На горизонте, из-за угорьев показывается широко-плоское пятно немного бурее по цвету, чем тундра. Оно шевелится, вытягивается и сжимается, растекается шевелящейся полосой по всему горизонту. Это олени.
Они ждут своего часа.
Запряженные по четыре в нарту, они помчатся, хрюкая, в снежную беспредельность. Над ними будет вздыматься тонкий хлыстообразный хорей, а нарты с грузом или людьми будут обсыпаться снегом, наклоняться и переваливаться на сугробах. Много сотен километров предстоит пробежать этим оленям, и многие дали обволокут их и заглянут им в глаза.
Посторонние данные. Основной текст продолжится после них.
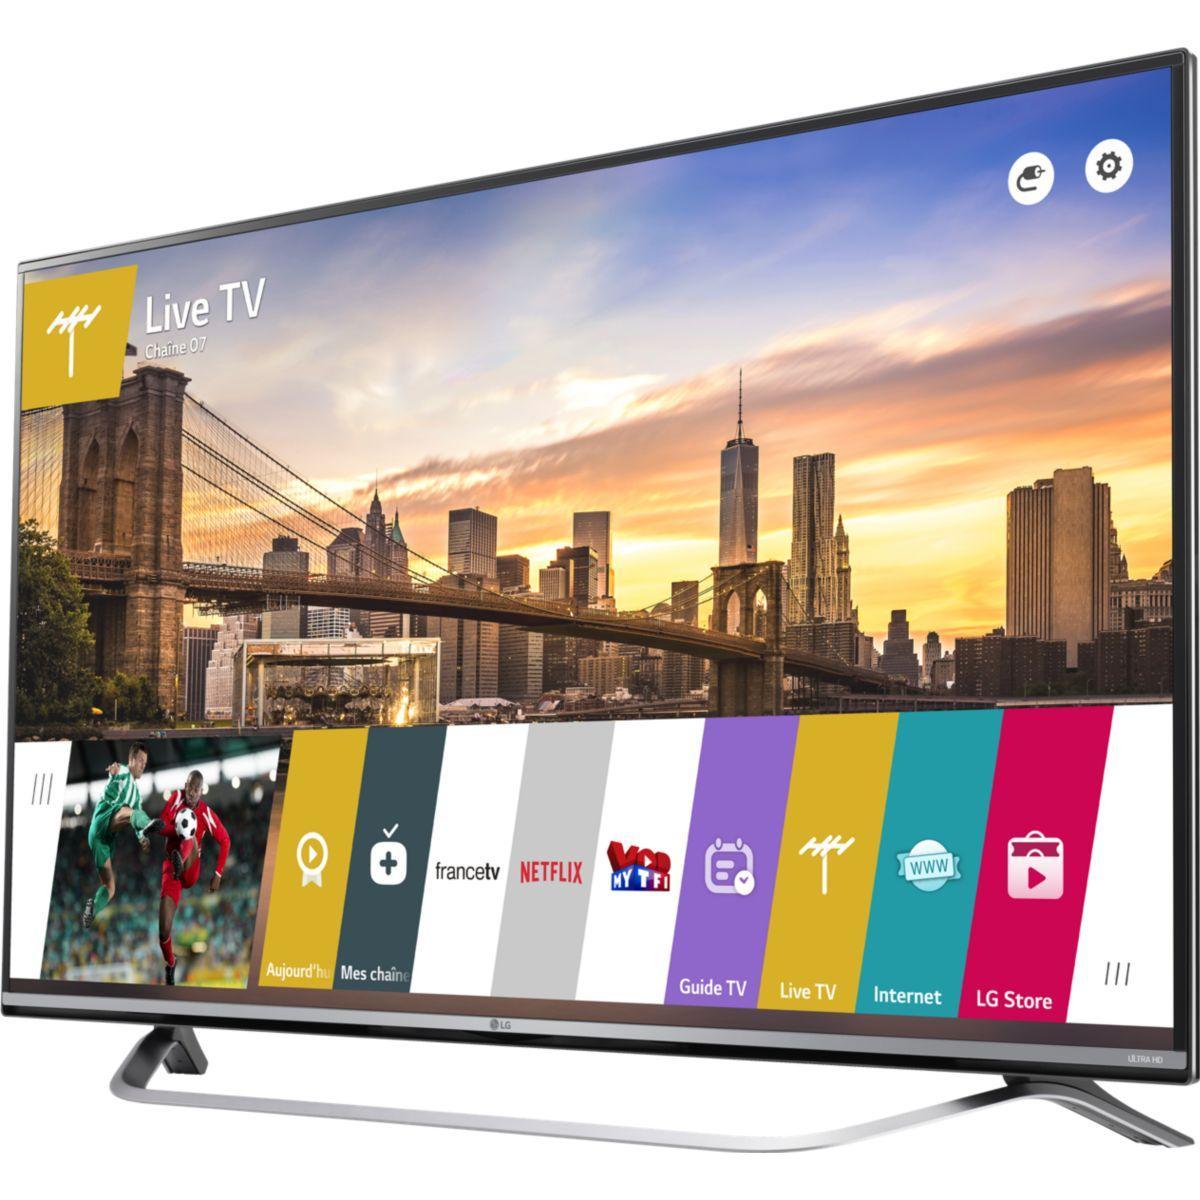 TV LG 55UF778V 4K 900Hz UCI SMART TV

А другие упадут под ножом, и кровь их напитает мох, мясо их сварится в чуме, и много малиц и унтов наделают зимой из их шкур.
Но это исполнится не сейчас. А теперь они свободны и ходят в тундре, окуная ноздри в мох, и могли бы уйти совсем, далеко на север, к океану. Они могли бы стать дикими, чтобы мчаться по угорьям и замирать на вершинах, озирая пустыню. Но чумы держат их, человек зовет их, и зов этот во сто крат сильнее зова тундры. Олени придут к людям и станут нюхать дым костров. Они идут. Шевелящееся пятно все ближе...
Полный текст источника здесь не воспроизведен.